Figure 1 shows that the sTim-3 concentrations in patients infected with HBV (14.00, 10.78–20.45 ng/mL), HCV (15.99, 11.83–27.00 ng/mL), or HEV (19.09, 10.85–33.93 ng/mL) were significantly higher than those in the healthy controls (7.69, 6.14–10.22 ng/mL, P < 0.0001).
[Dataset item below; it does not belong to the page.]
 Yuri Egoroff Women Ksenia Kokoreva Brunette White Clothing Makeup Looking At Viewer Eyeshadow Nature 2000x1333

The sTim-3 concentrations in the HEV-infected patients were significantly higher than those in the HBV-infected patients (P < 0.01).

FIGURE 1

Figure 1. sTim-3 content in uninfected v/s in patients infected with HBV, HCV, and HEV. *P < 0.05; ****P < 0.0001.
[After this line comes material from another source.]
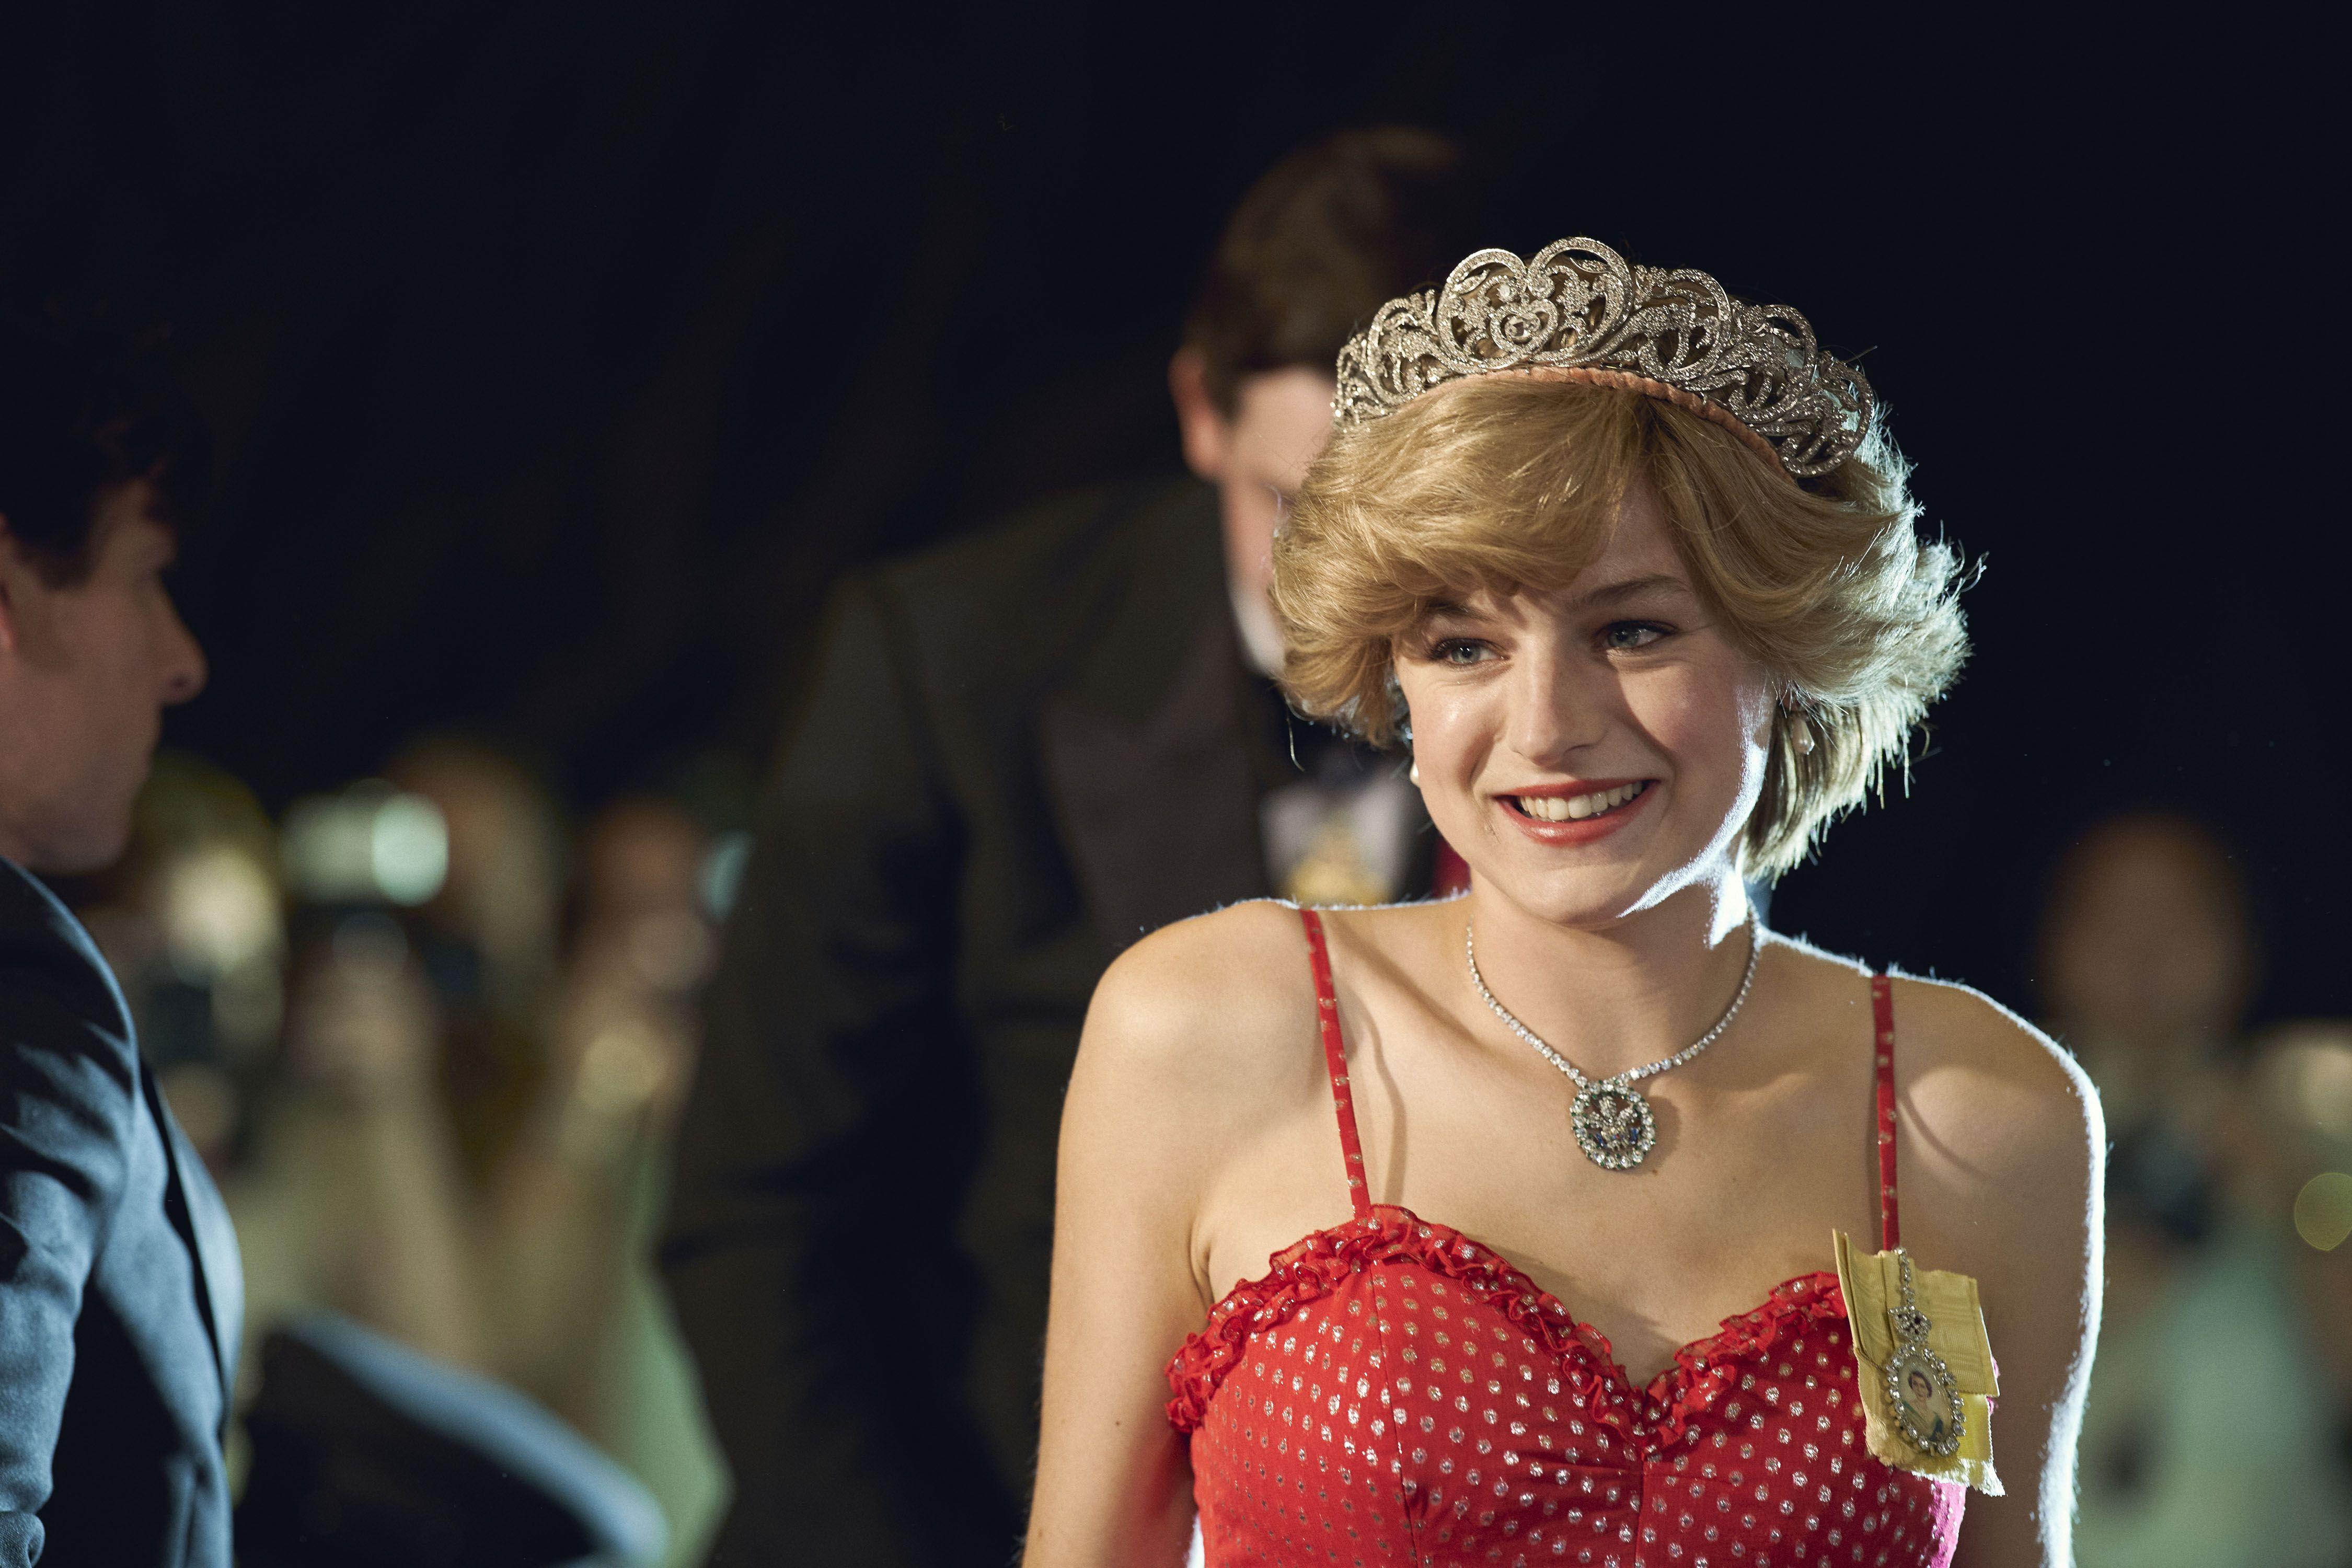 Emma Corrin as Princess Diana in The Crown, Season 4

Logistic Analysis of Factors Influencing Hepatitis or Liver Fibrosis After Hepatitis B Virus, Hepatitis C Virus, and Hepatitis E Virus Infection

Table 1 showing occurrence of hepatitis with or without fibrosis as the outcome variable, with gender, age, ALT, AST, ALB, Dbil, and sTim-3 levels as independent variables for logistic regression analysis. ALT (OR = 1.060, P < 0.0001; 1.047, P = 0.001; 1.052, P < 0.0001), AST (OR = 1.153, P < 0.0001; 1.138, P < 0.0001; 1.142, P < 0.0001), ALB (OR = 1.468, P < 0.0001; 1.400, P < 0.0001; 1.397, P < 0.0001), Dbil (OR = 4.274, P < 0.0001; 2.939, P < 0.0001; 2.528, P < 0.0001) and sTim-3 (OR = 1.332, P < 0.0001; 1.416, P < 0.0001; 1.386, P < 0.0001) were independent risk factors for hepatitis or liver fibrosis after HBV, HCV, and HEV infection, respectively.

TABLE 1

Table 1. Logistic analysis of factors influencing hepatitis or liver fibrosis after HBV, HCV and HEV infection.
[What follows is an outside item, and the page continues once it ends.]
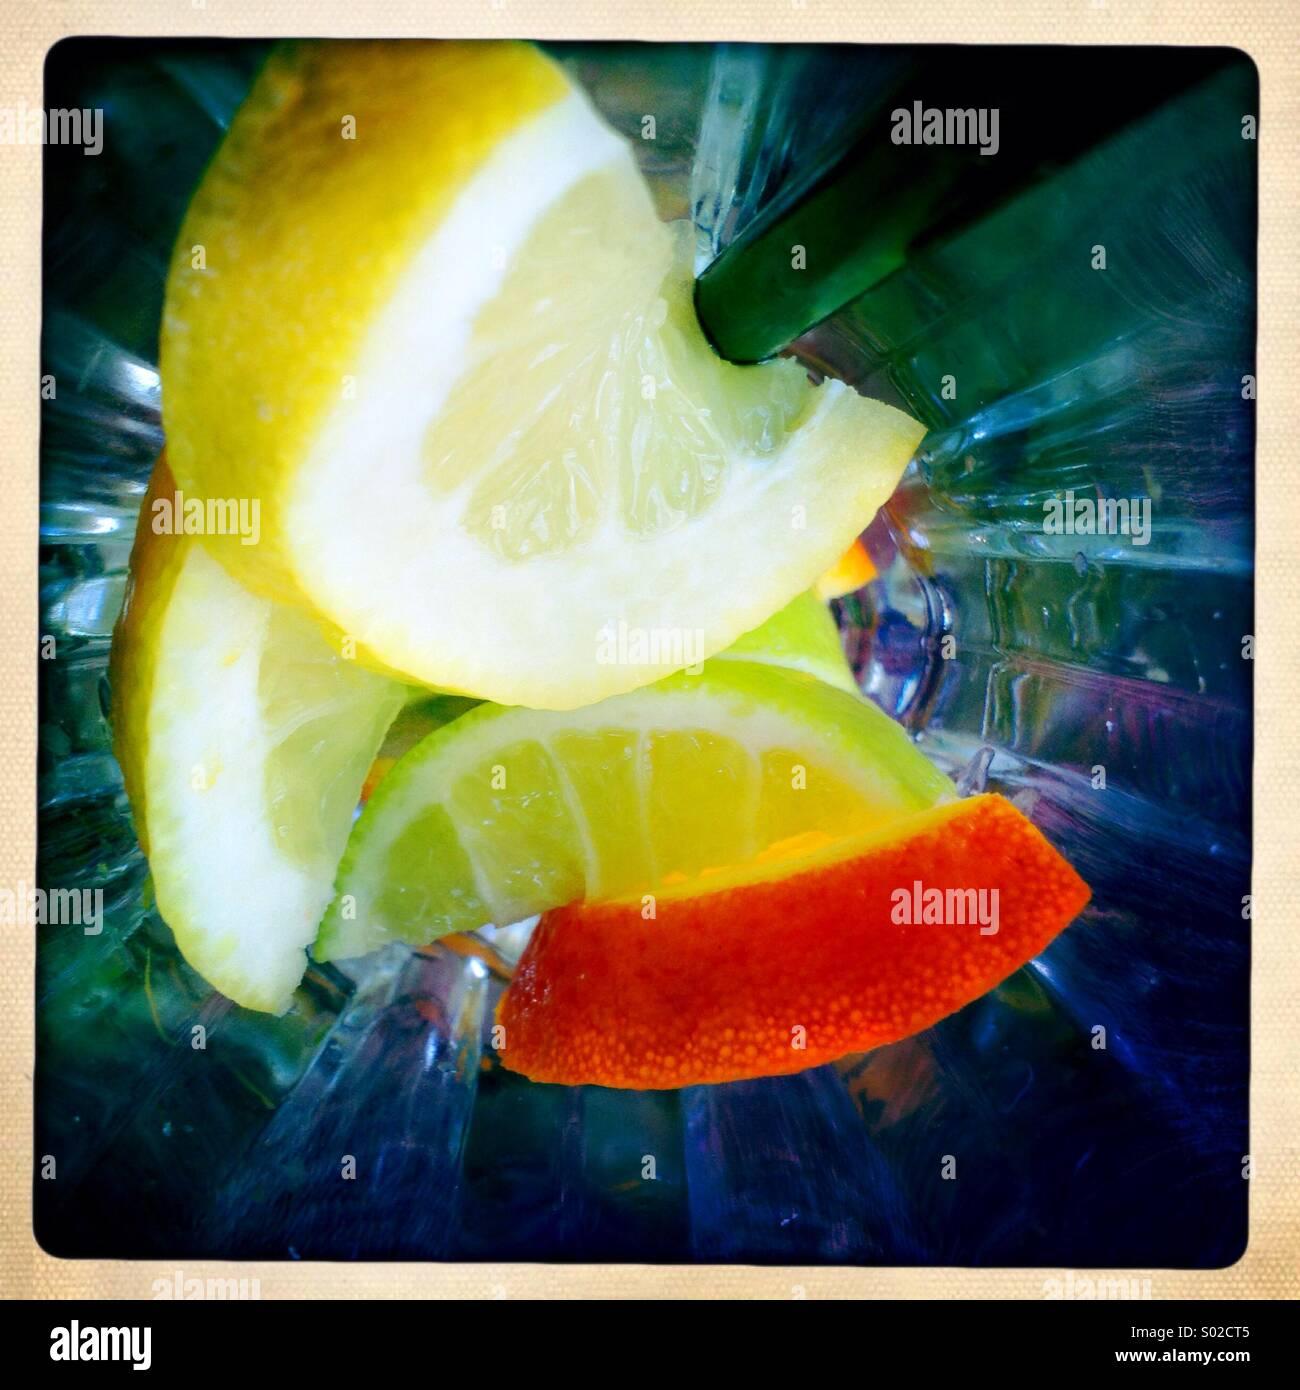 Lemon and orange slices - Stock Image

Correlations of Serum Soluble Tim-3 Levels With Other Parameters

As shown in Figure 2, the sTim-3 levels in patients with HBV, HCV, or HEV infection were highly positively correlated to serum ALT (r = 0.223, P = 0.001), AST (r = 0.467, P < 0.0001), Dbli (r = 0.572, P < 0.0001), and Tbil (r = 0.393, P < 0.0001) and significantly negatively correlated with serum ALB (r = −0.367, P < 0.0001). Next, we checked for any possible correlation between HBsAg and sTim-3 levels in HBV infection. As shown in Figure 2F, we analyzed the correlation between the levels of hepatitis B virus surface antigen and sTim-3 in patients with hepatitis B virus infection; the result showed that the correlation between HBsAg and sTim-3 was not significant (r = -0.103, P = 0.5311).

FIGURE 2

Figure 2. Relationship between sTim-3 levels and liver function indexes in patients with hepatitis virus infection. (A) Correlation analysis of sTim-3 and ALT levels showed a significant positive correlation. (B) Correlation analysis of sTim-3 and AST levels showed a significant positive correlation. (C) Correlation analysis of sTim-3 and ALB levels showed a significant negative correlation. (D) Correlation analysis of sTim-3 and Dbil levels showed a significant positive correlation. (E) Correlation analysis of sTim-3 and Tbil levels showed a significant positive correlation. (F) Correlation analysis of sTim-3 and HbsAg levels was not significant.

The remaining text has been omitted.